Collected data —
━━━━━━

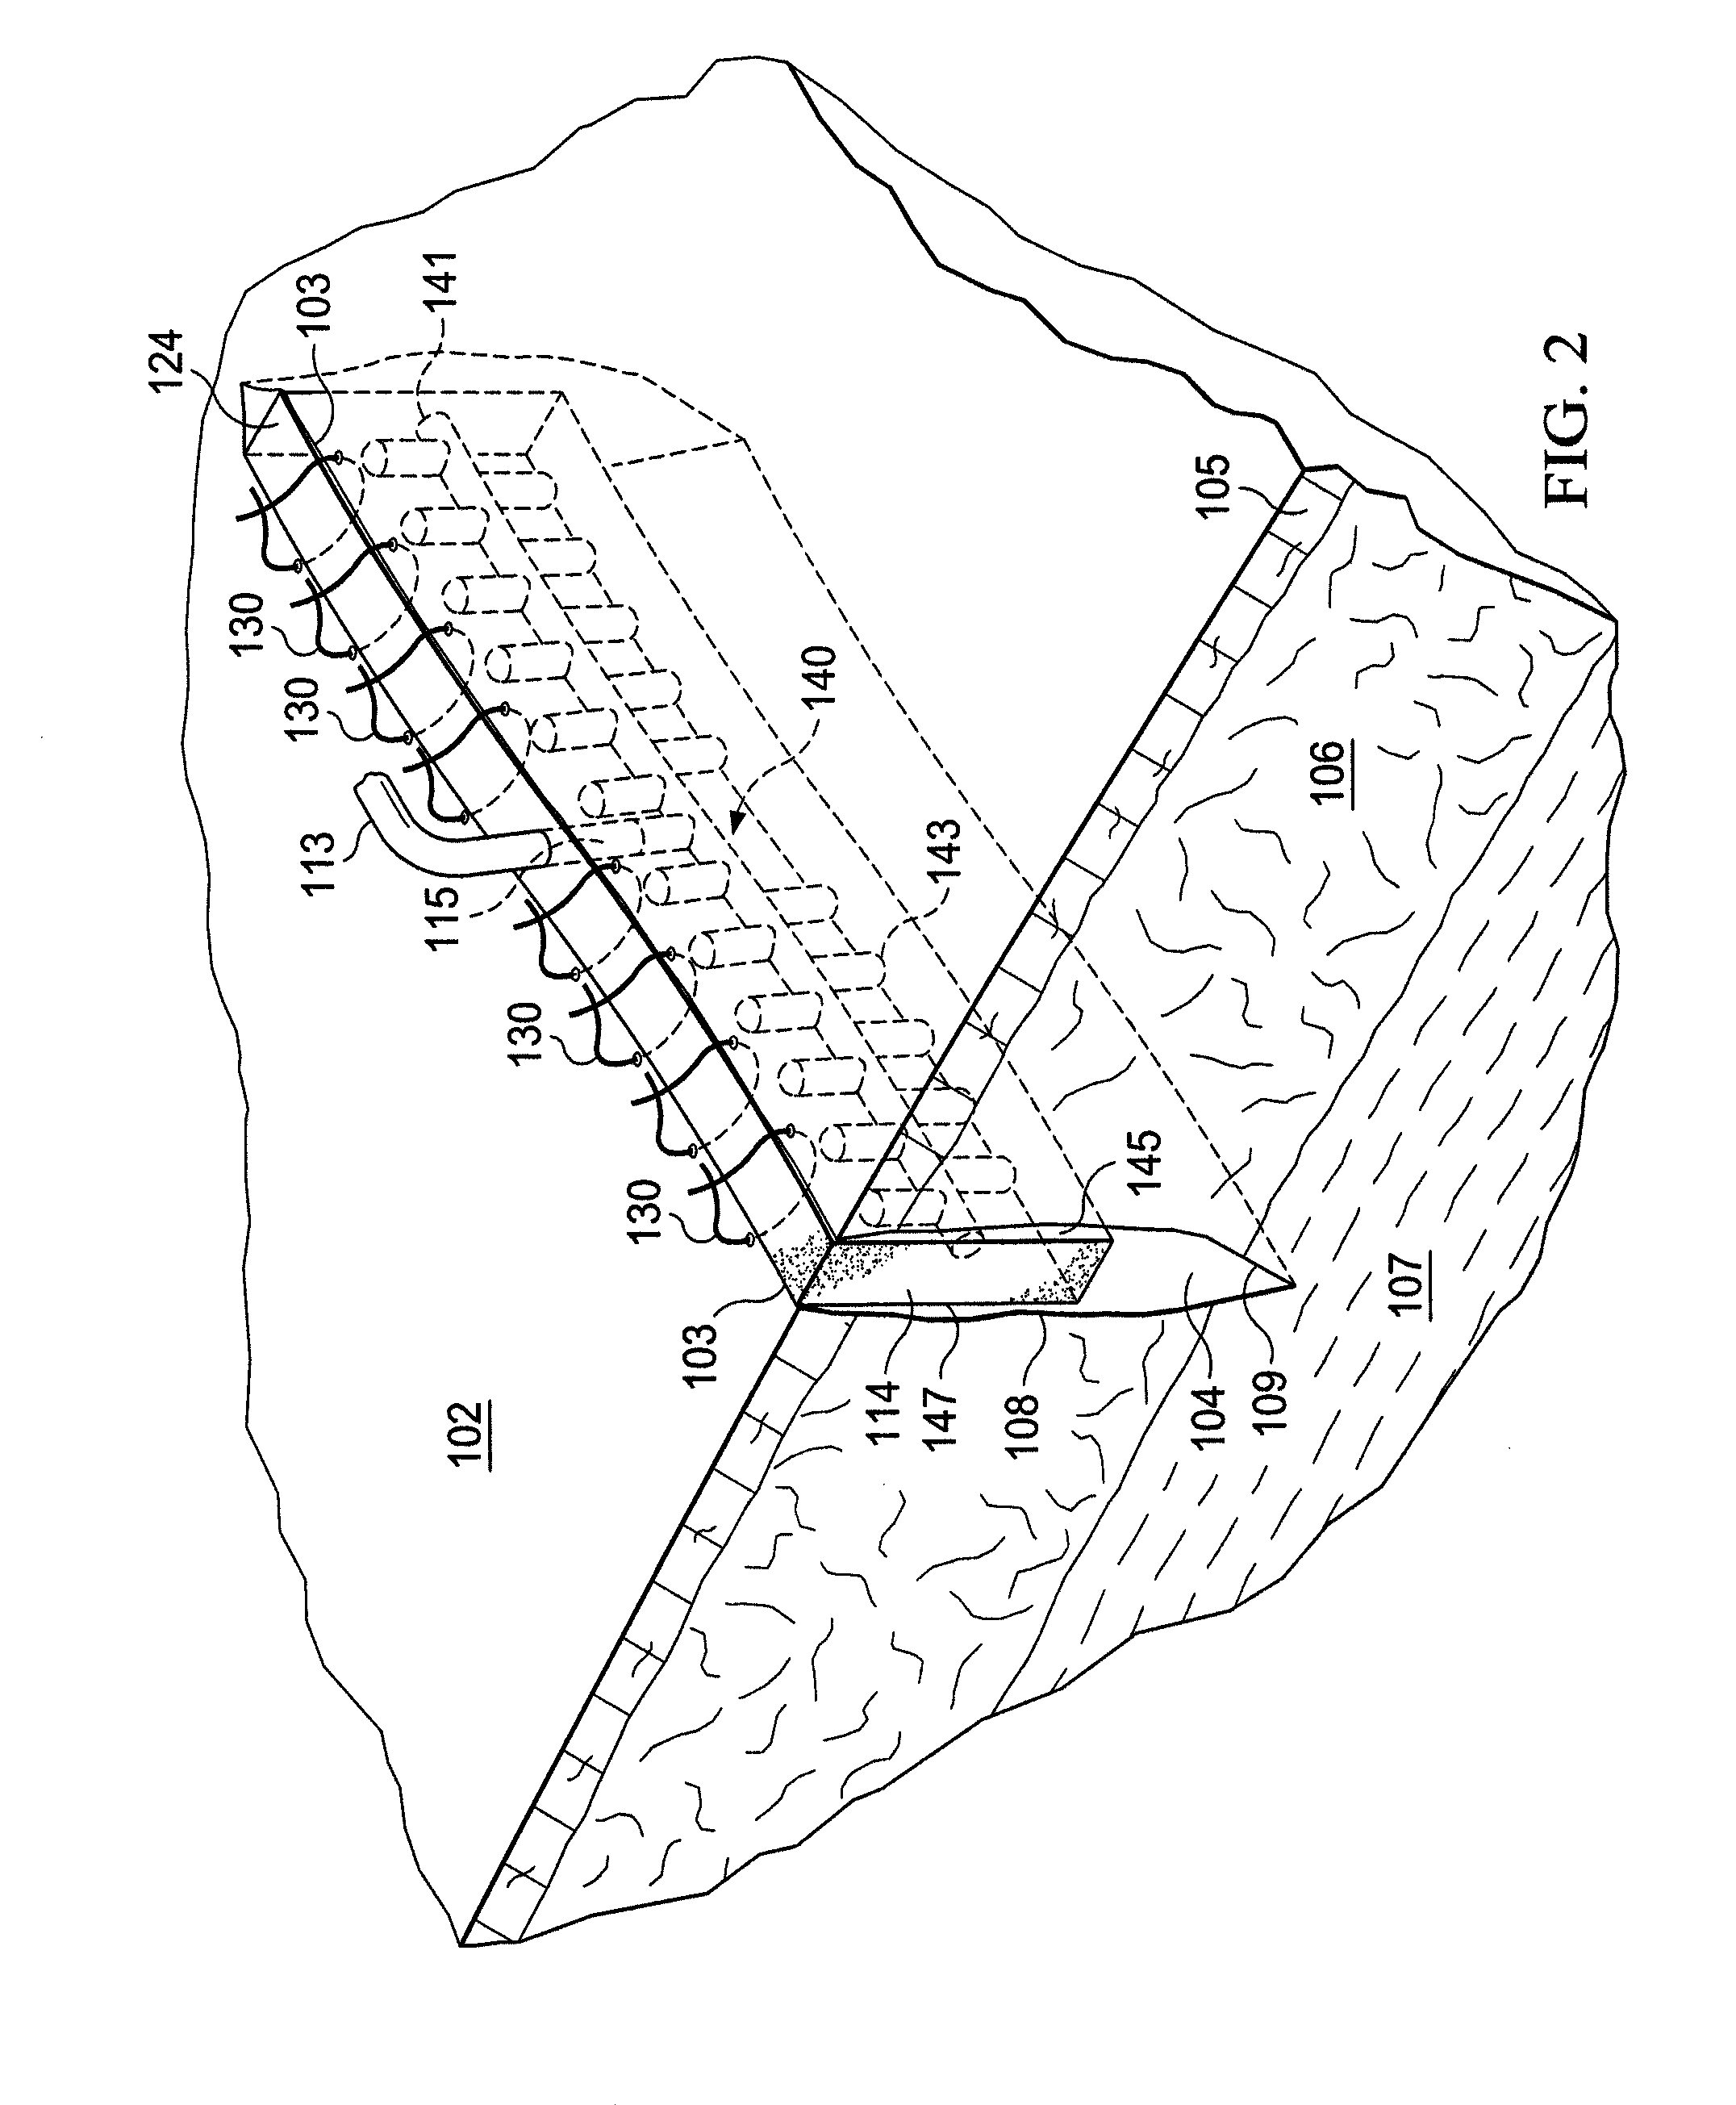 System and method for sealing an incisional wound
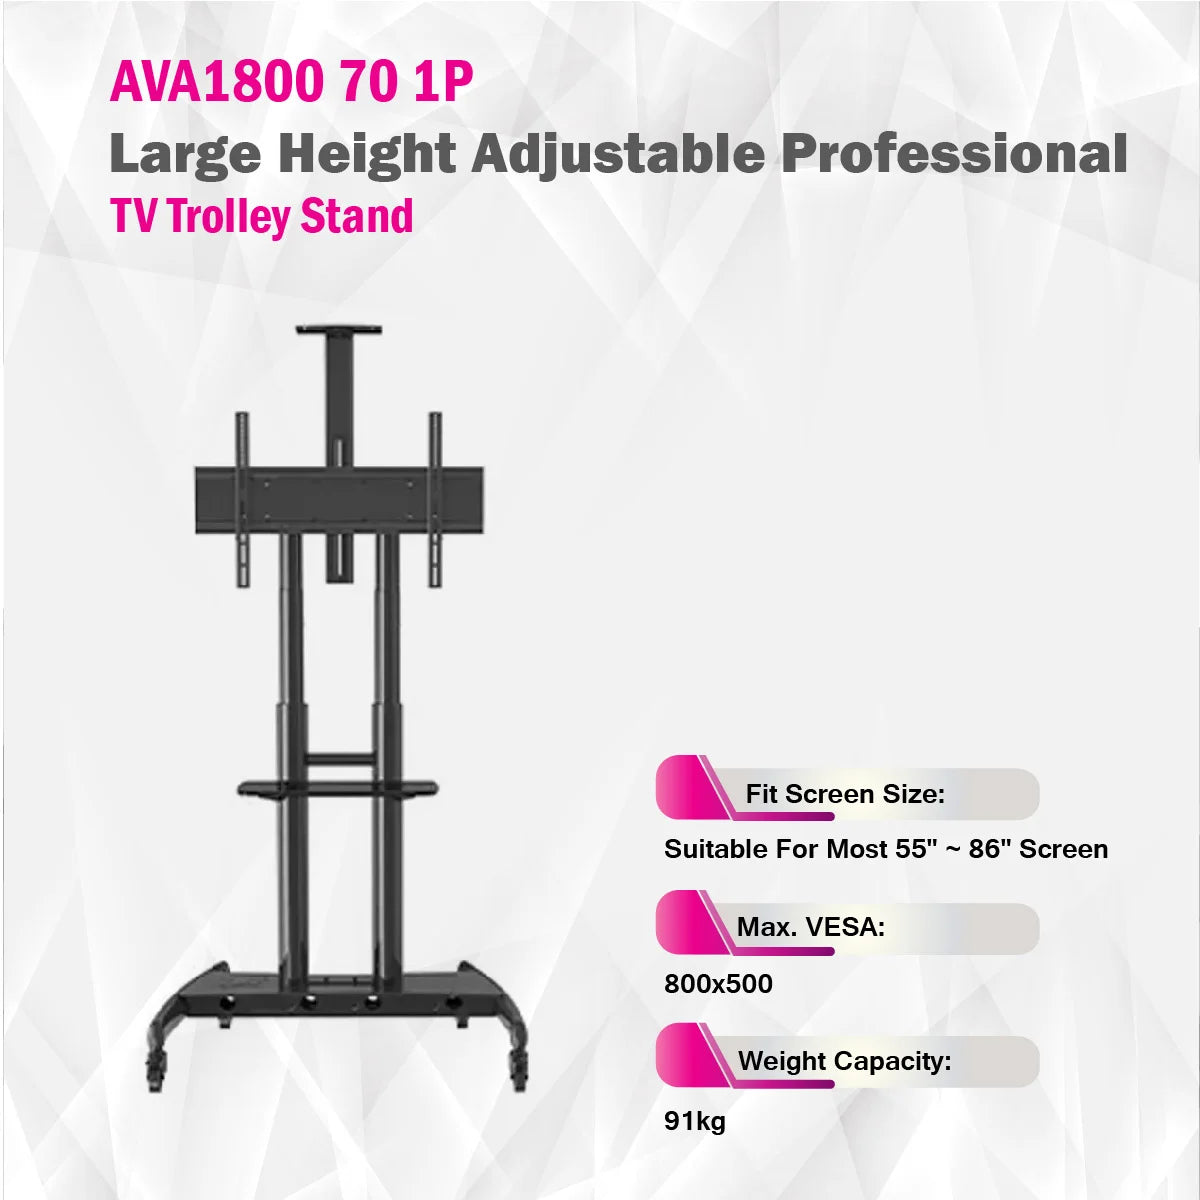 Skilltech -AVA1800 70 1P - Large Height Adjustable Professional TV Trolley Stand
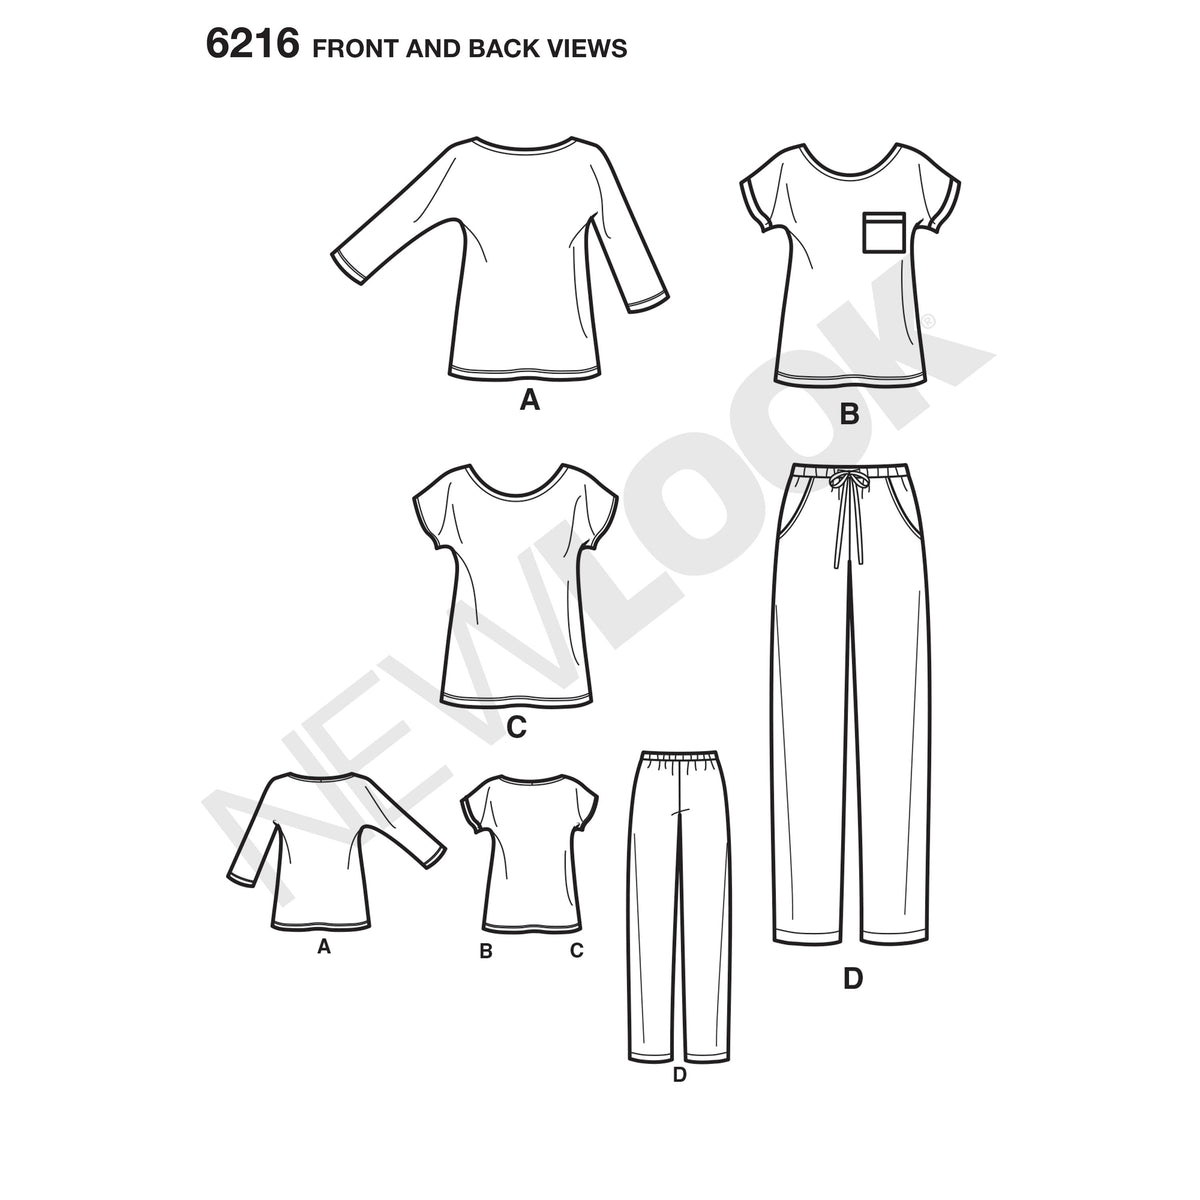 6216 Misses' Knit Tops and Pants

━━━━━━

Problem requirements —
Reproduce the entire listing exactly, but omit any pictures.

Your solution —
 System and method for sealing an incisional wound
 Skilltech -AVA1800 70 1P - Large Height Adjustable Professional TV Trolley Stand
 6216 Misses' Knit Tops and Pants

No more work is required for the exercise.